* _WORK REQUIRED_:
An exact transcript is required of the lines below, from the one containing "COVID inquiry: Government" through the very last; leave every picture out of it.

* _DATASET EXCERPT_:
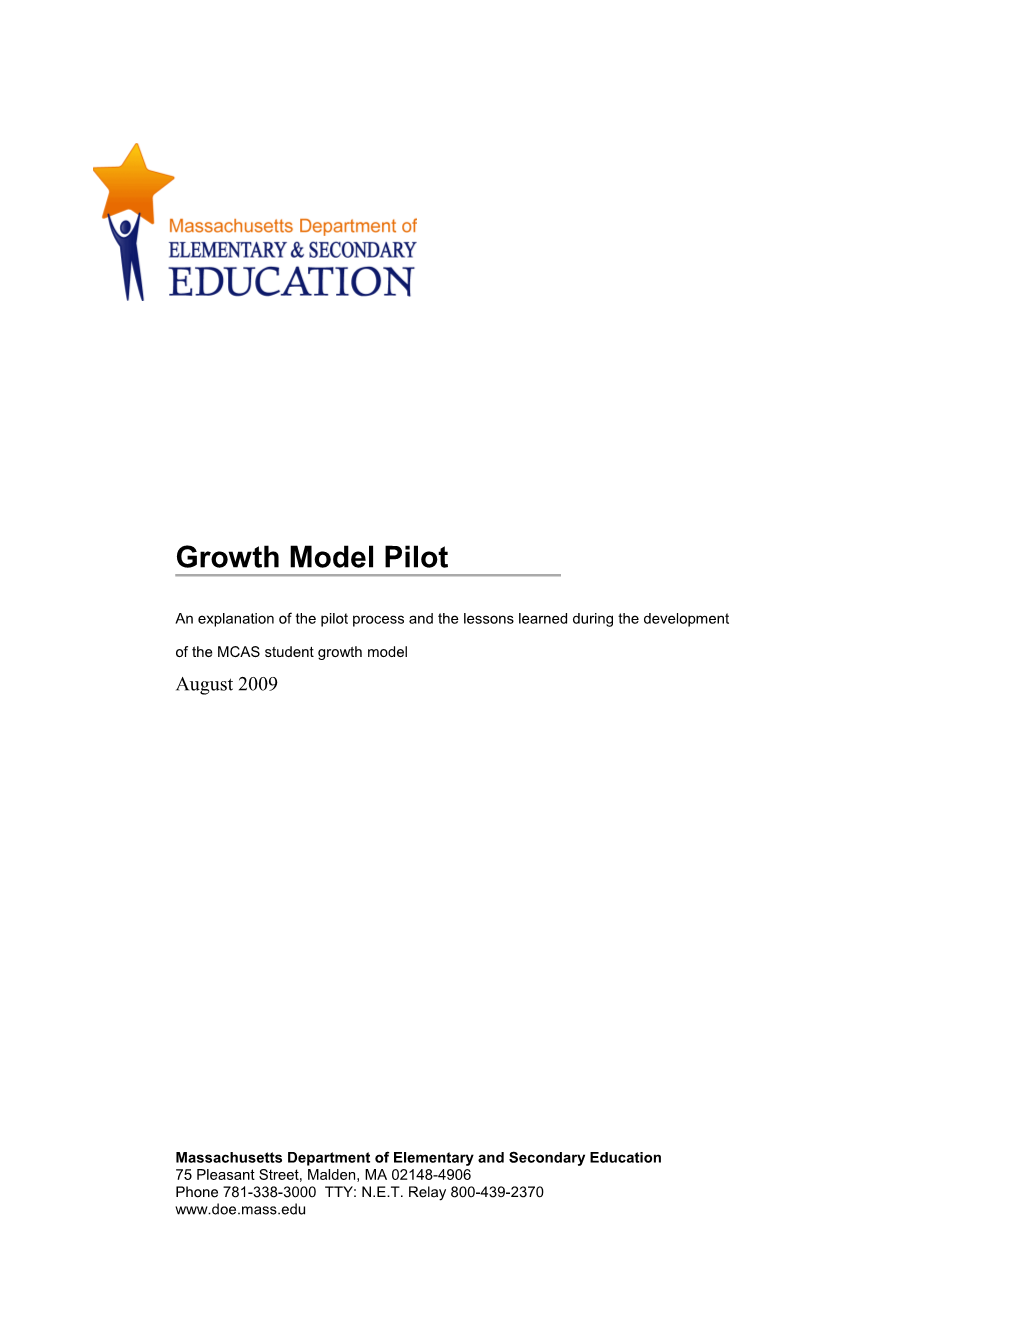 An Explanation Of The Pilot Process And The Lessons Learned During The Development Of The MCAS Student Growth Model
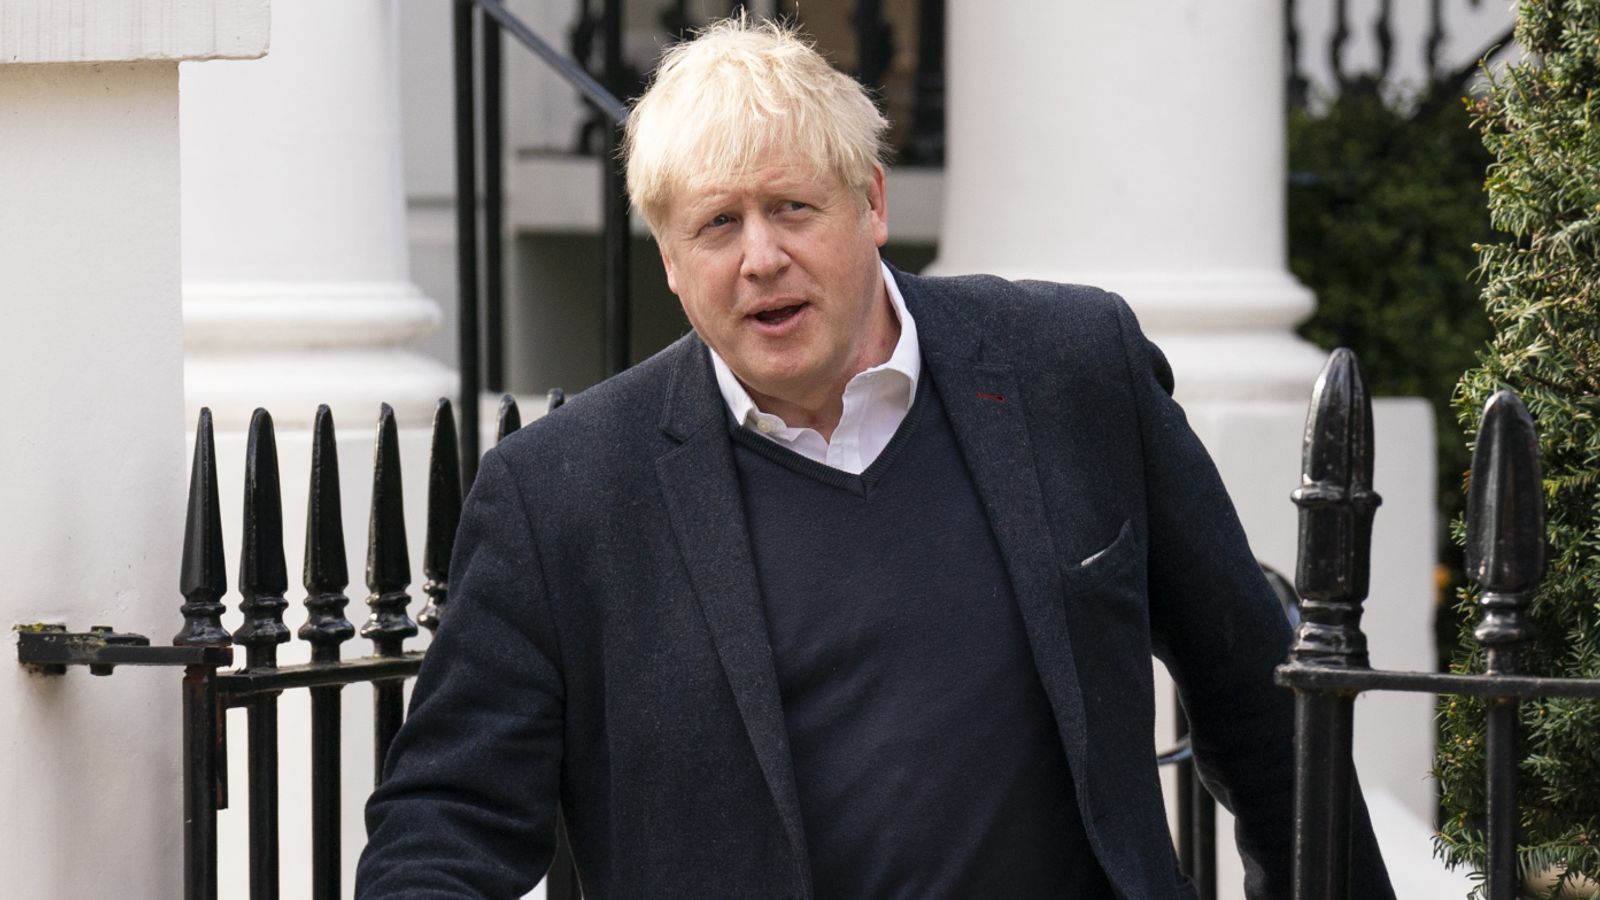 COVID inquiry: Government stands by refusal to hand over Boris Johnson's 'private' WhatsApp messages following criticism
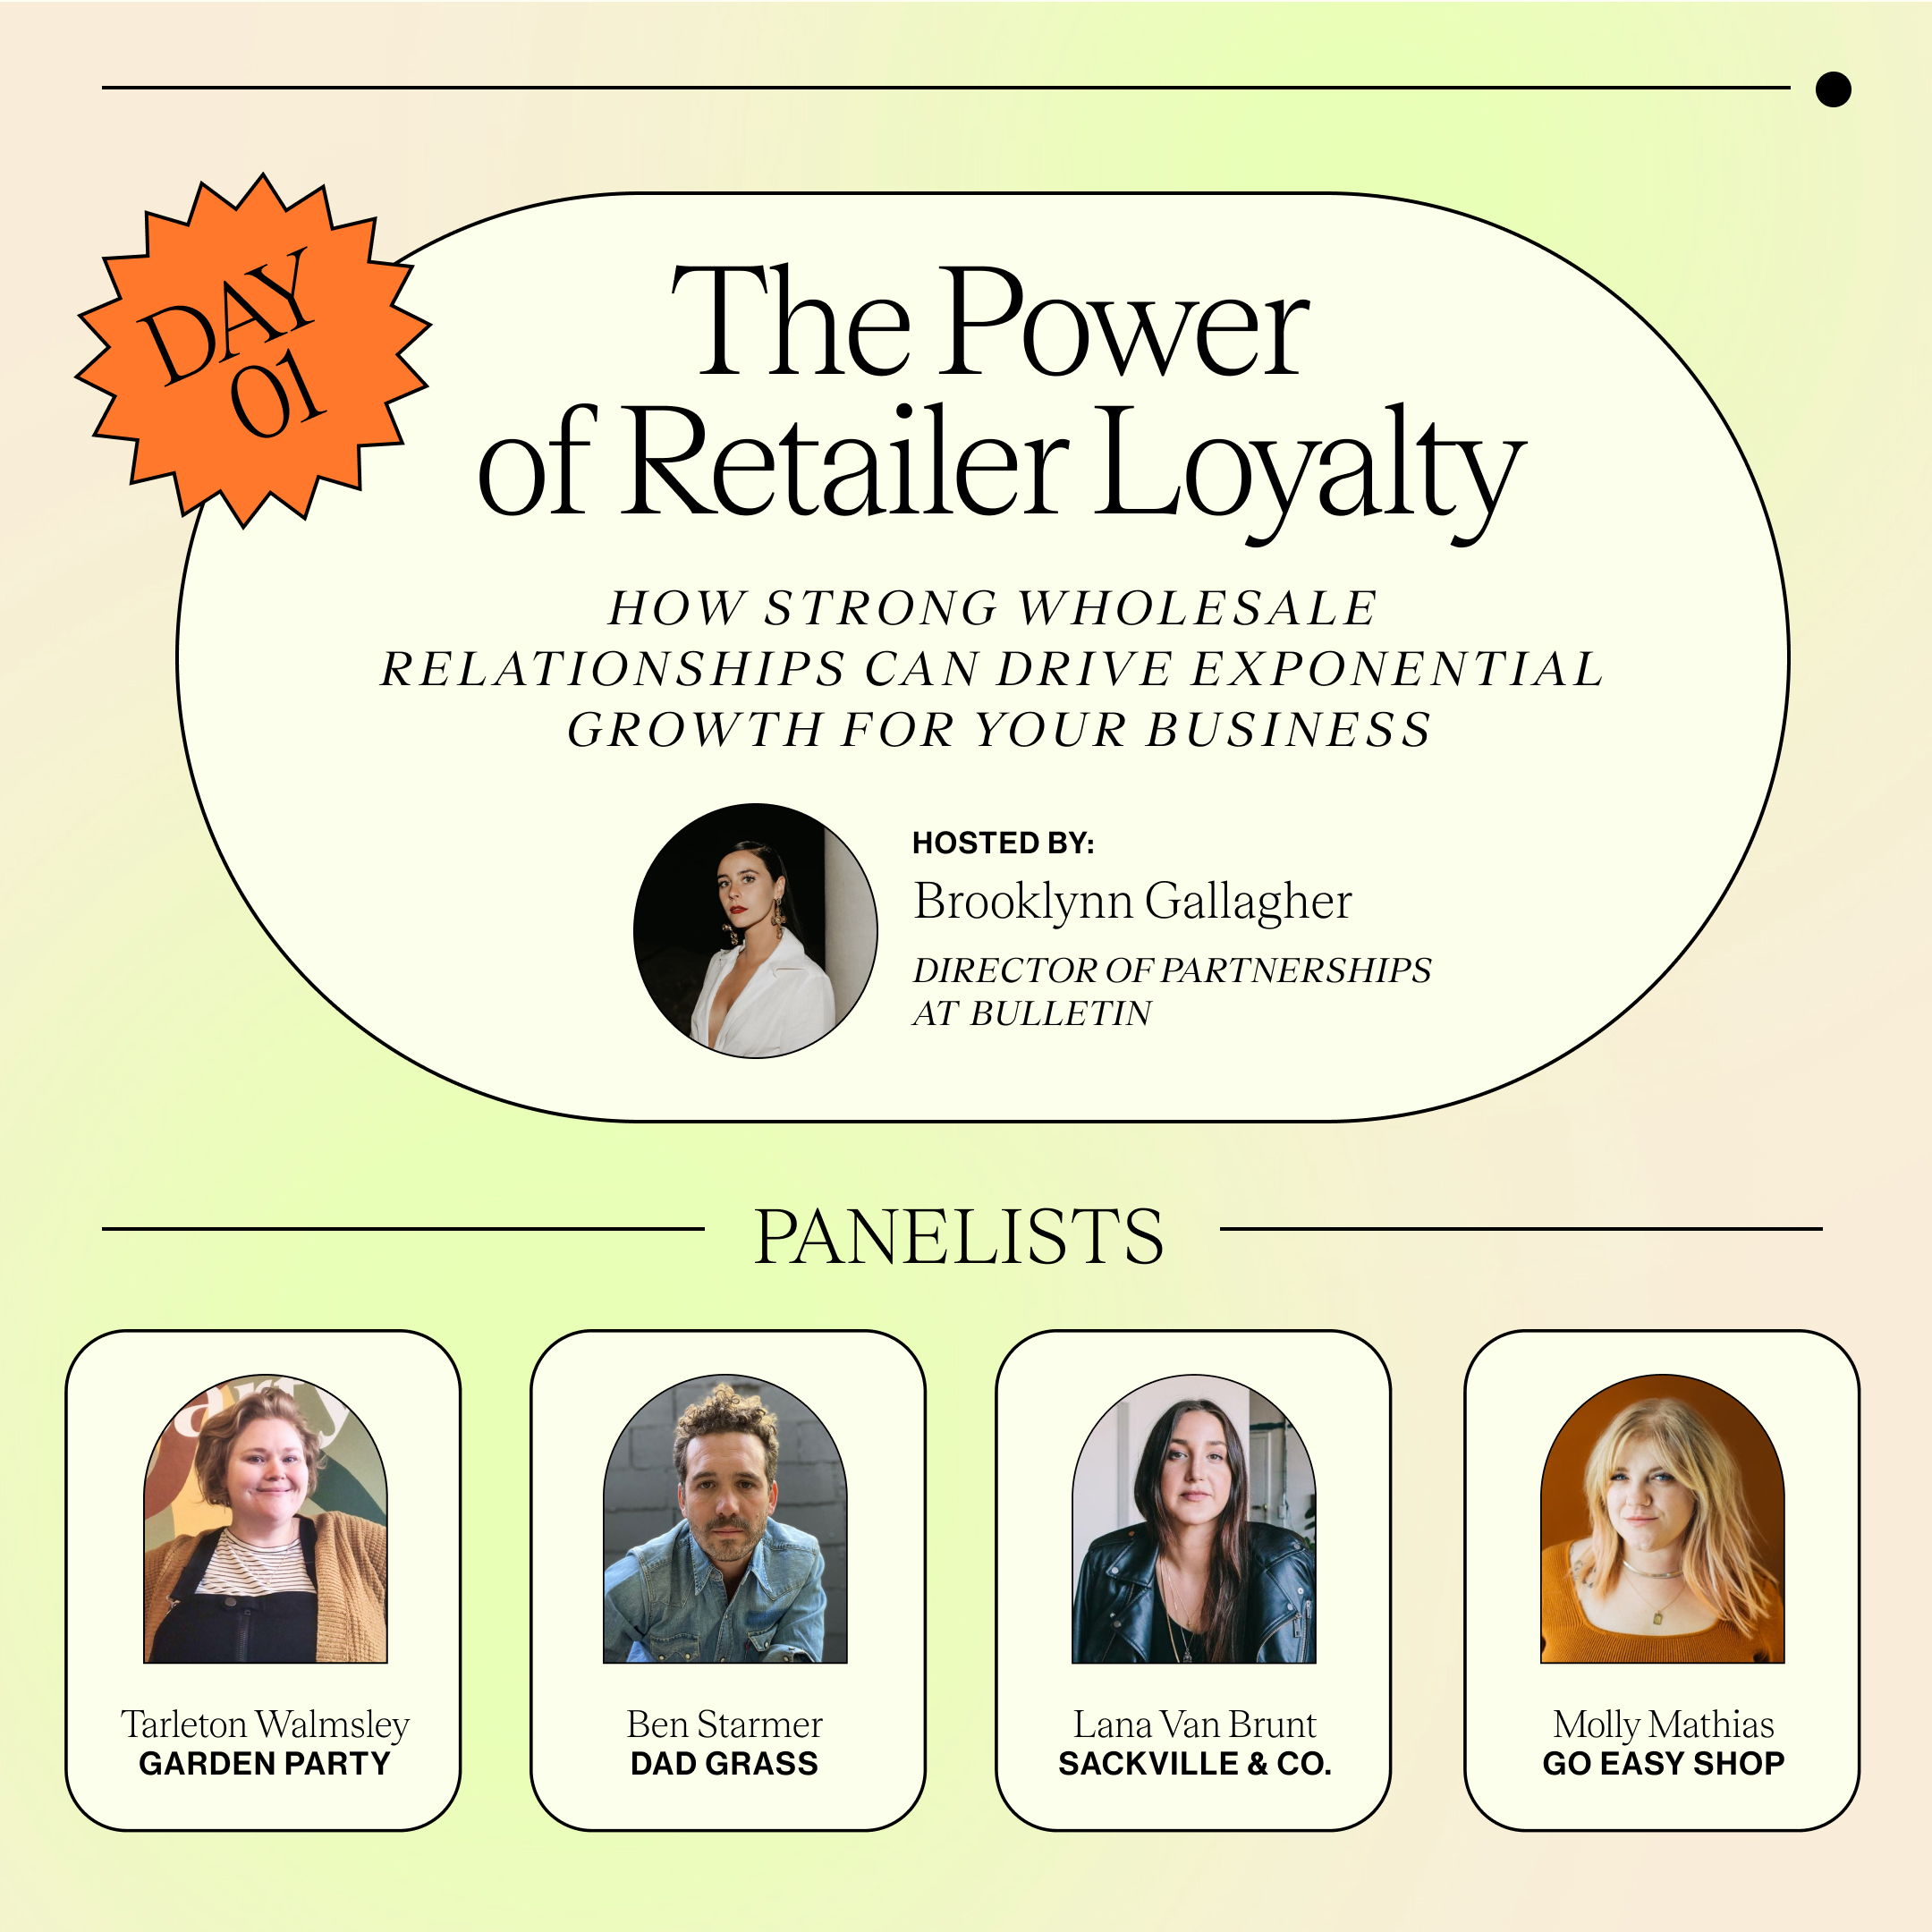 Day 01: The Power of Retailer Loyalty LIVE PANEL

* _WRITTEN SOLUTION_:
 COVID inquiry: Government stands by refusal to hand over Boris Johnson's 'private' WhatsApp messages following criticism
 Day 01: The Power of Retailer Loyalty LIVE PANEL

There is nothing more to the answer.